“To be honest, being a player myself, I believe at the age of 19 it is practically impossible to impose yourself over 35-year-old experienced players. So, I think the right path is to carry on coaching youth and concentrating on their development.”
It is not a dilemma that many coaches face, but then Jay Clarke is not your ordinary coach. At the age of 19, he believes he will become the youngest person in history to obtain a UEFA Pro Licence qualification, the highest coaching qualification possible in Europe, when he completes the course this summer.
Not even 20 until June, Clarke left London with his family at the age of three and has been living in Spain ever since.
He scored goals for fun for various clubs at youth level growing up, and at the age of 16, his family moved to the city of Granada to improve his chances of making it professional.
But it was also at this time when, inspired by his father, his mind had started turning to coaching and he took his UEFA B licence.
“It all started with my father really,” Clarke says. “He used to play when he was younger in the reserves of pro teams like Chelsea, Tottenham and Charlton Athletic.
“Then when I was growing up, he coached my town’s team at age group level I was in and we won so many trophies that he was very admired.
“It was great learning from him – the way he got the best out of players and also out of me – so I guess he was my idol in that sense.”
Clarke was told at a young age that the Pro Licence could take up to five years to complete, but by the age of 17 he had already obtained his UEFA B and A licences. He will have completed the set in four years.
“It is very serious here in Spain,” he says. “You undertake a wide range of subjects from tactics to psychology. Coaching certainly isn’t just picking an 11, putting cones down and setting drills. It’s much more than that and that’s why these licences exist.”

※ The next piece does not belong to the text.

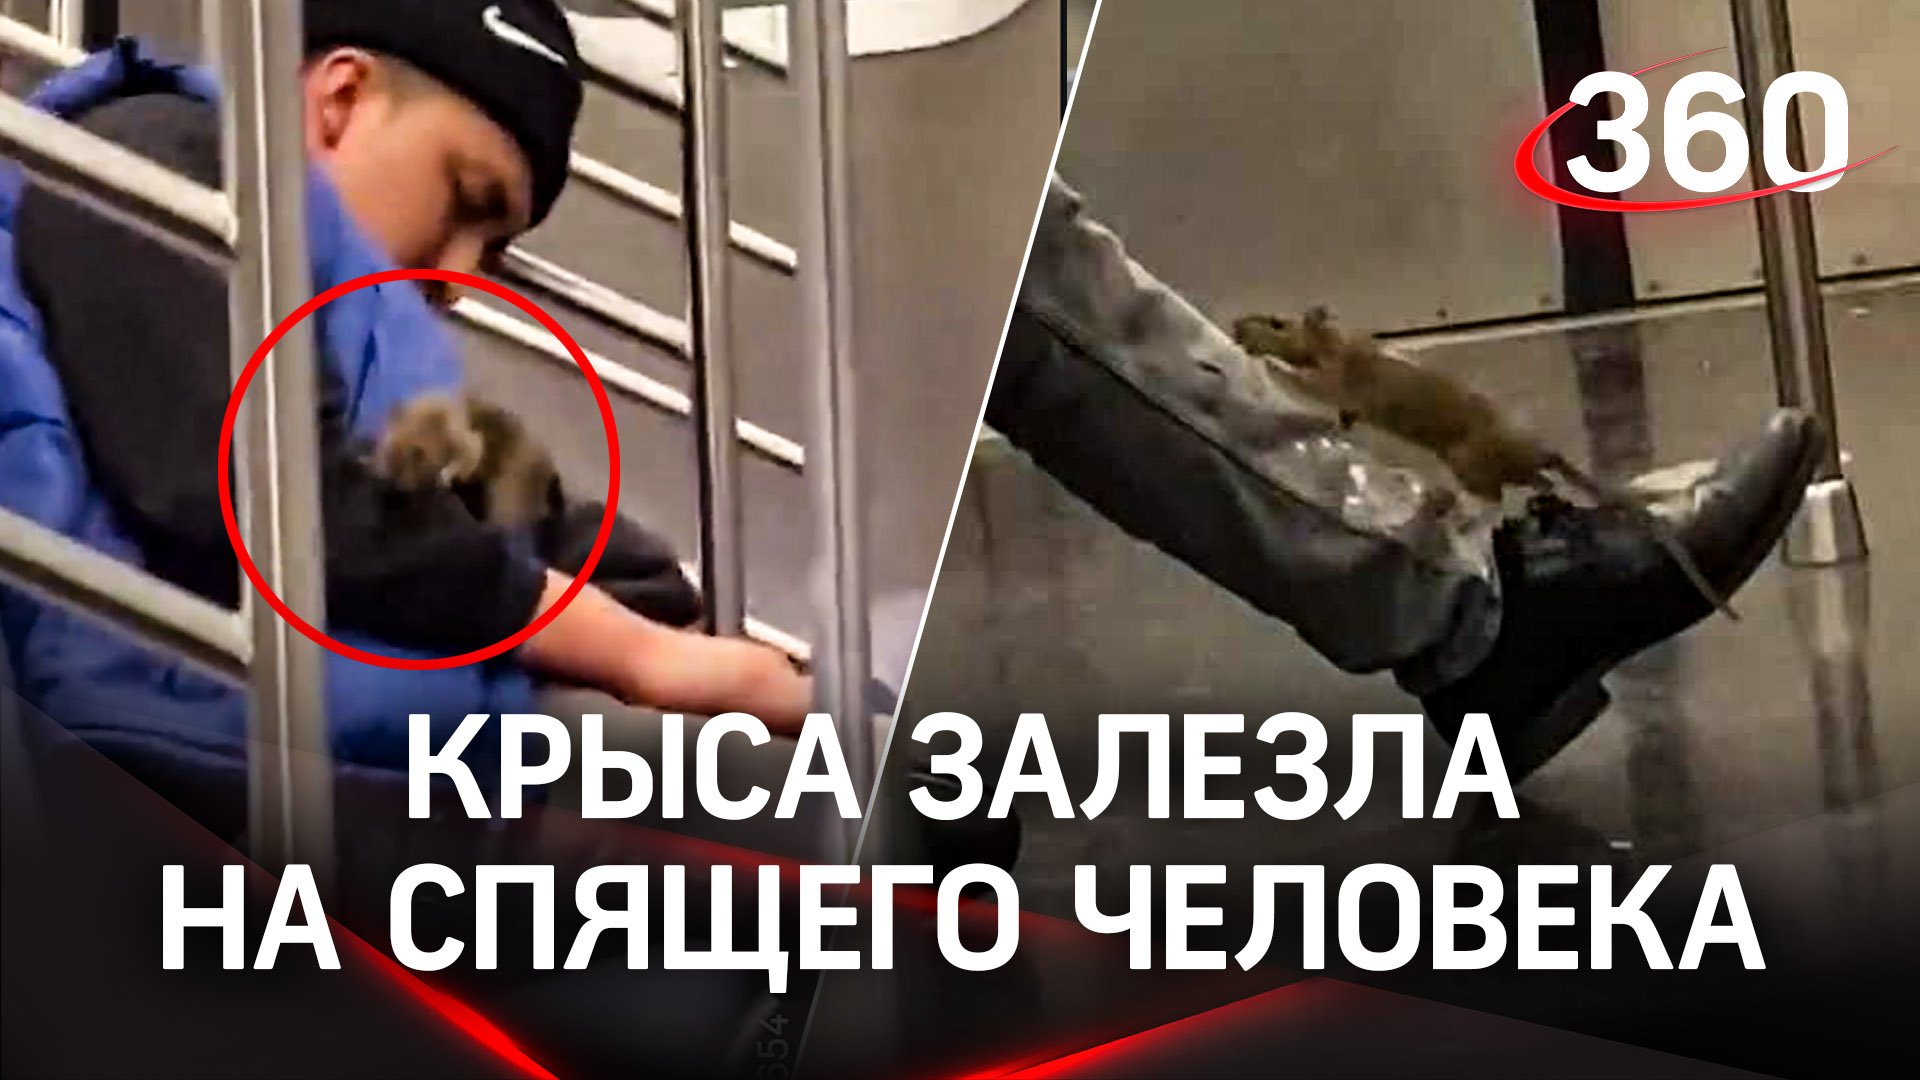 Метро. Сон. Человек и крыса : в метро Нью-Йорка крысы бегают по людям
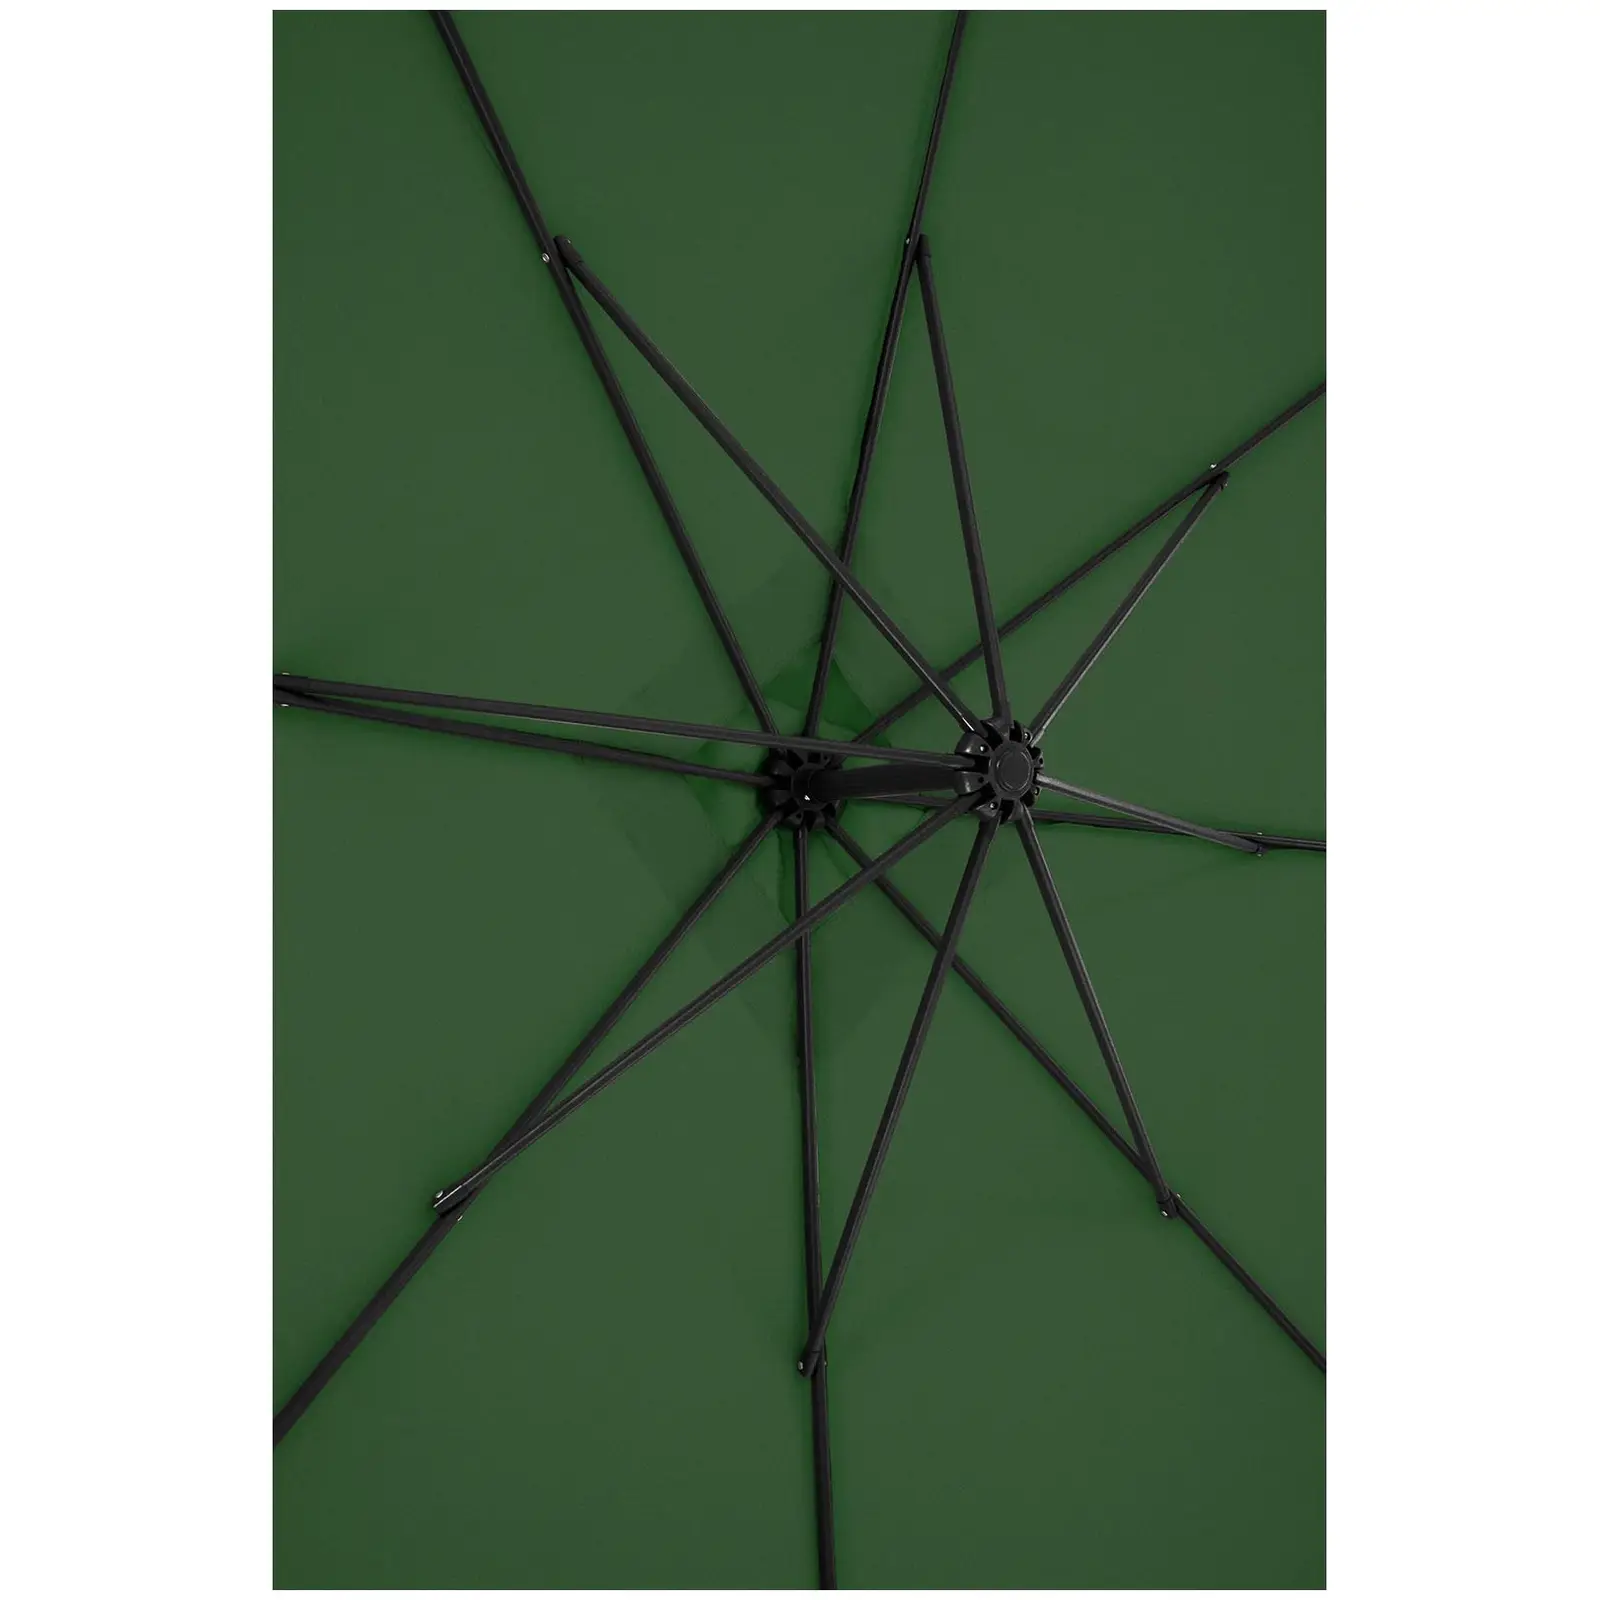 Andrahandssortering Hängparasoll - grönt - rektangulärt - 250 x 250 cm - kan lutas

In 2017, Clarke signed for Spanish third-tier side Peña Deportiva, joining their under-19 side as a forward, but it was here that he got his first chance to put his practice into action.
Required to undertake a six-month coaching placement to complete his Pro Licence, Clarke was initially tasked with looking after the under-sixes before being invited to join the first-team coaching staff by manager Dani Mori.
There is certainly a big difference in the way coaches are developed in England and Spain. In Spain, the courses cost a lot less, €1,200 compared to £2,965 in England, but around 750 hours of coaching need to be completed, three times the amount required in England.
As a result, there over 2,000 Pro Licence holders in Spain compared to a few hundred in England – and all of them have benefitted from more time to hone their skills. Clarke had to study six hours a day, two times a week and also had to complete some additional work online, as well as his coaching at Peña Deportiva.
“Most of the teachers are ex-coaches or ex-players,” Clarke says. “You can tell how prepared they are by the way they speak, they transmit their experiences to you very well, and you learn from them. Many of them are also professors.”
Putting practice into action
Clarke may only be 19, but he is already hugely confident in his methods as a coach.
“I don’t believe you have to be older to be a coach, you just have to know you’re prepared and by starting so young, I think that (being prepared) will be very soon for me,” he says.
“I always search for the progression of these young talents through good methodology and constant positive feedback to my players, trying to avoid negative comments that drain the confidence down of these players who need to shine.
“My training methods are set out to create problems for my players to resolve in these exercises so they can find their own route to the solution by making mistakes and me guiding them to the right decisions at the right moment as that’ll be like how they are going to find themselves in the matches.
“I believe this is the right path. This was shown to me by a great professor of mine that now works at Granada CF.
“With an older group of players, I think it’s intelligent to adapt your style of play to the players you have available. That’s one of my targets as a coach in the next years to perfect different styles of play and being able to transmit them to the players.”
Plans for the future
Clarke still maintains an interest in playing himself and has turned out for Alhaurín de la Torre and Guadix in the Spanish fourth tier this season, but his main aims for the future surround coaching – and he’s certainly not restricting himself to Spain.
“I believe coaching has got a major future for me,” he says. “Right now, my objective is to go and coach in many other countries to gain experience, learn from new cultures and move around the world doing what I love.
“One of my dreams would be to coach and play in the UK, it is where I was born at the end of the day, so I’m constantly trying to move back and coach in a pro setup and maybe play in the National League or something like that.
“I would also love to move far away and experience countries like China, Thailand, India, Japan, but I also want to approach the US, where soccer, as they say, is growing enormously. I want to be a part of that.”
Clarke is clearly full of hopes and ambitions, some of which may not come true, but having achieved what he has done already, frankly, who can blame him?